To: Mark Adams who wrote (151)11/22/1997 8:22:00 PM
From: Eashoa' M'sheekha  Respond to of 1756
 
It Is A Valid Argument Mark.

And one all gold related investors should be aware of.It is this
exact position that has recieved much attention.Too much attention,
and too much one sidedness in the mainstream:read " financial "
publications to not question it.

You will notice that these exerpts are from " financial discussion
papers ".The Swiss anouncement was from a " group of experts ".All
or most of the highly puplicized " Gold Is Dead " information is
infact supported by studies and discussions initiated by respective
governments.Fine by me.But the underlying reality is action speaks
louder than words,and untill we get more real evidence of action,
words are just that.What has happened looking at today's gold price
and sentiment has become obvious to those who don't absorb the
" programming " as easily as some would like to think.The hedge funds
have capitalized heavily on this well manufactored media/economist/
mainstream lemming thinking onslaught,yet there is only minor evidence
that any gold has actually moved out of the vaults and off the soil
of said countries.Have you seen to date a mainstream publication
willing to publish these " minor details ".Nope!

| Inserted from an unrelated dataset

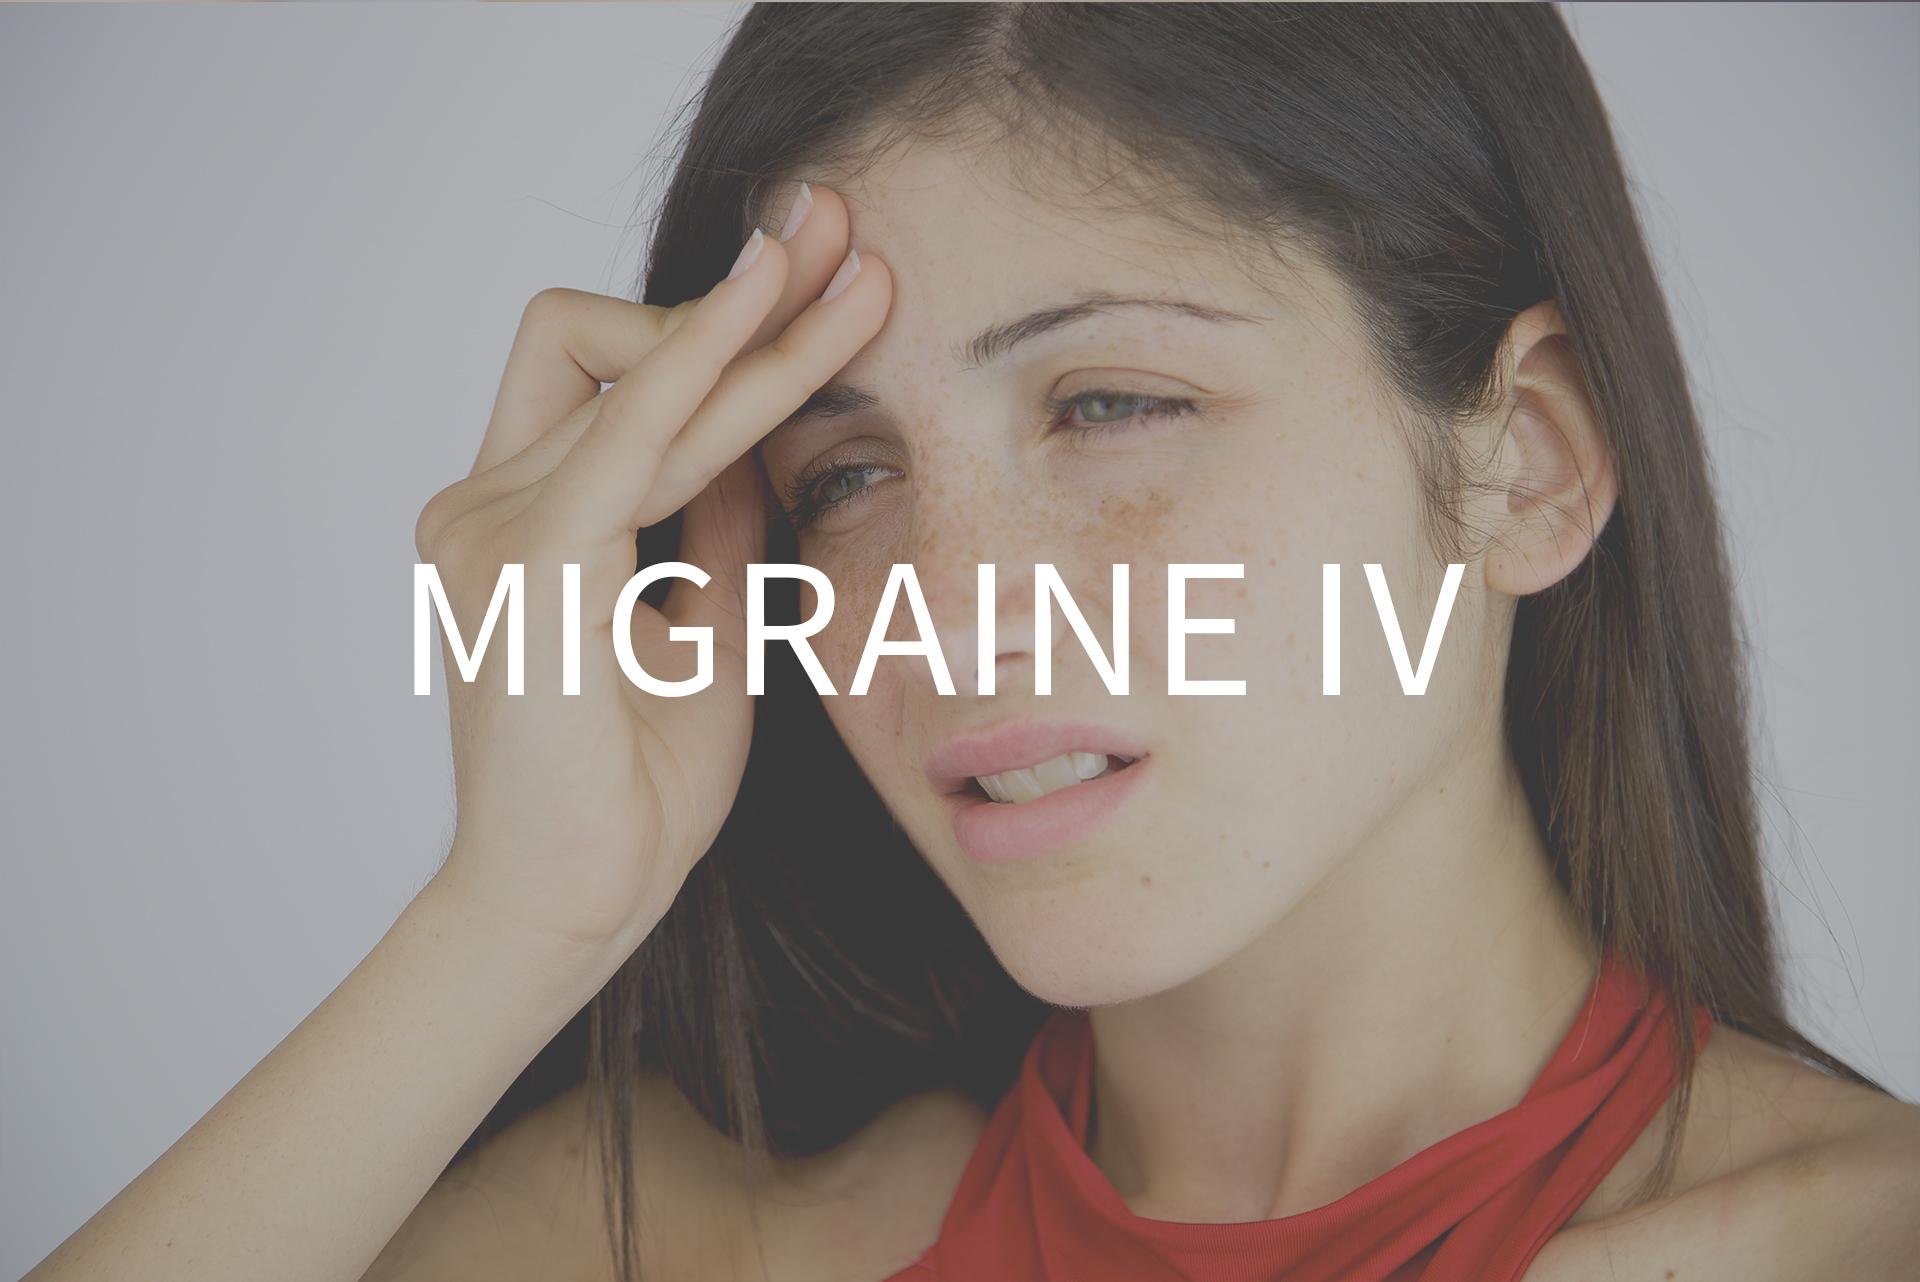 Emerald Migraine IV

The Economist states.." In recent years, governments in Belgium, the Netherlands, Canada and Australia have sold big chunks of their gold."

Sorry,Canada has had program in place for many many years where it has
been selling it's gold slowly as to not disrupt the market.The Euro's
sold for no other reason than to get their books " right " for the
ECU.The Aussies,I'm afraid were the real twerps here and they are and
will pay the price for along time to come.As was mentioned here,some
countries are fortunate enough to have an abudant supply in situ which
gives them leverage to dispose knowing gold in the ground is the
safest place it could possibly be,and " readily " available,if you
know what I mean.BTW:I can assume the Canadian initiative was just
another attempt to undo the thoughtless spending by a real winner
who now sits on the board of Barrick Gold.Our dept.increased from
40 to 500 billion dollars in less than 20 years.We will pay for this
for many many decades to come.The tax burden is enormous and inhibits
our ability to compete globally,along with the many trade barriers
by our APEC " friends ".

Anyway,not to intirely denigrate The Economist,as all information is
good,it should always be noted what the bankers and their ilk are
thinking.I do however feel if the banks get into the gold mining
business,they will surely f*ck things up a lot worse than they are
now.When you begin to believe the banks are doing what is in your
best interest,it's time to run for the hills boys and girls.